> Exercise instructions:
Please copy out the entries below exactly, beginning with the line that contains "Radio Station Car" and ending with the line that contains "El Dorado Hills Optometric Center", and include nothing outside that span.

> Material shown:
=====
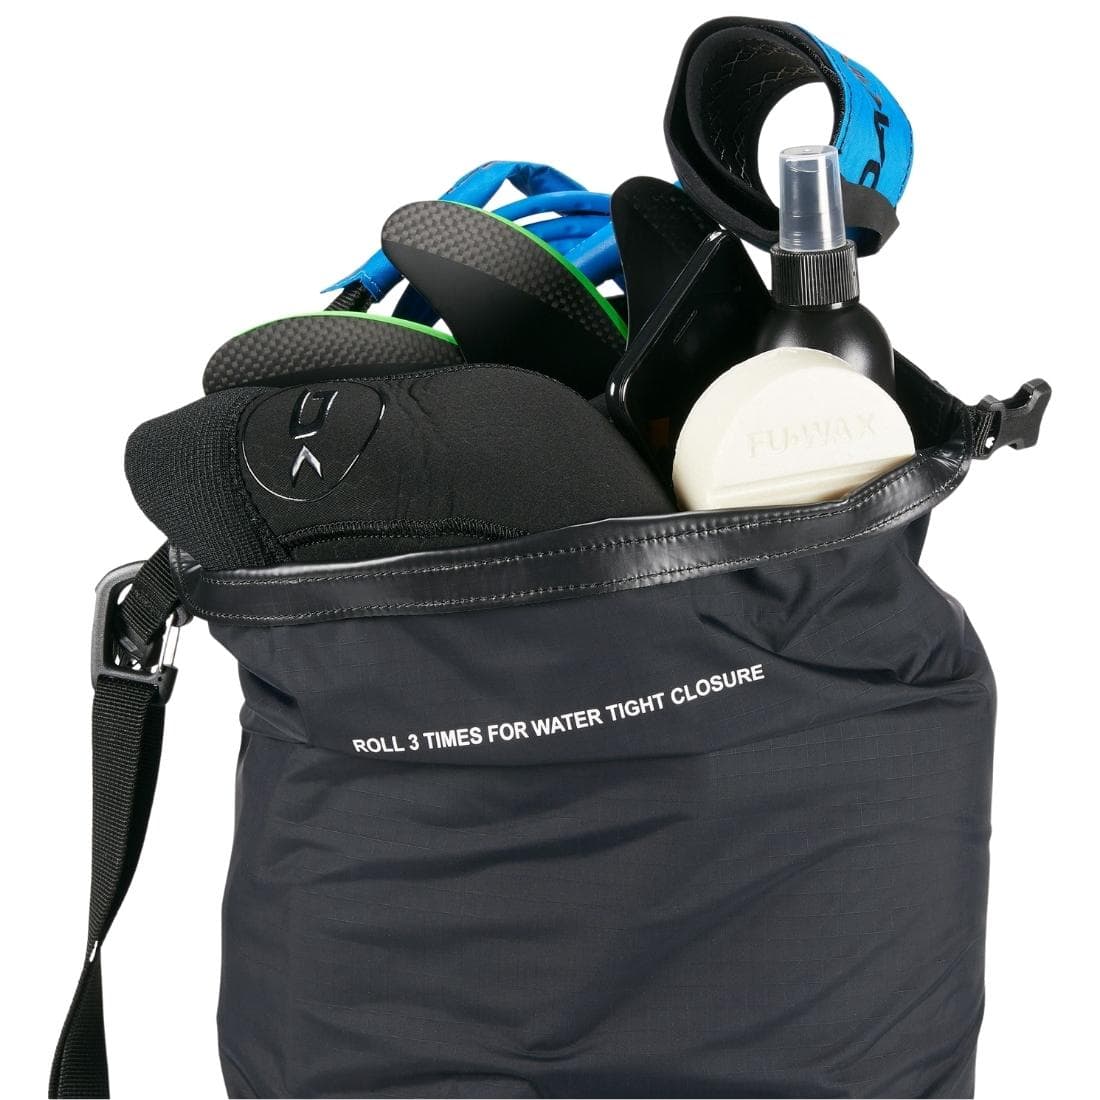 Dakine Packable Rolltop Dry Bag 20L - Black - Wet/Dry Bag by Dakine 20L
=====
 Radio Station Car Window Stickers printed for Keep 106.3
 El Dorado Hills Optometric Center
=====
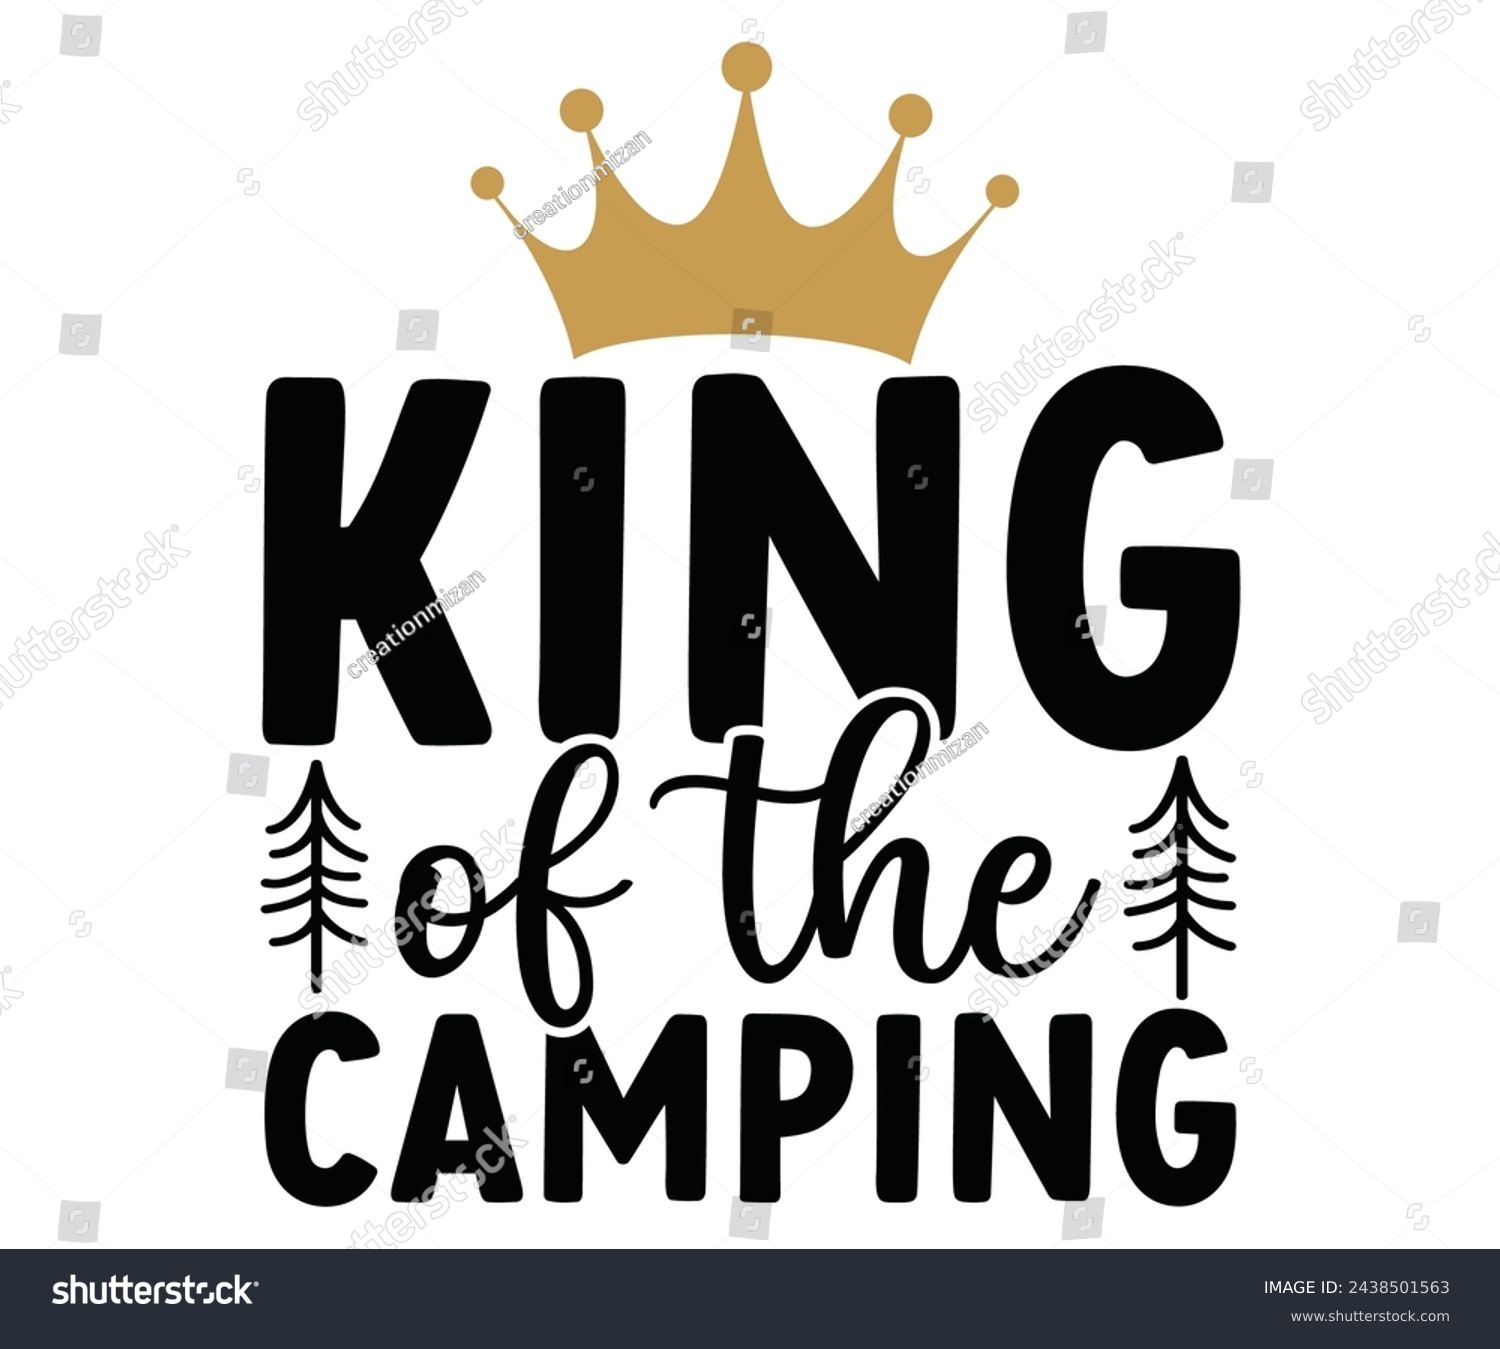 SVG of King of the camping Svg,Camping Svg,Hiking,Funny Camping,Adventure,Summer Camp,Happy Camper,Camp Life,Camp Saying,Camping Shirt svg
=====
> Written response:
 Radio Station Car Window Stickers printed for Keep 106.3
 El Dorado Hills Optometric Center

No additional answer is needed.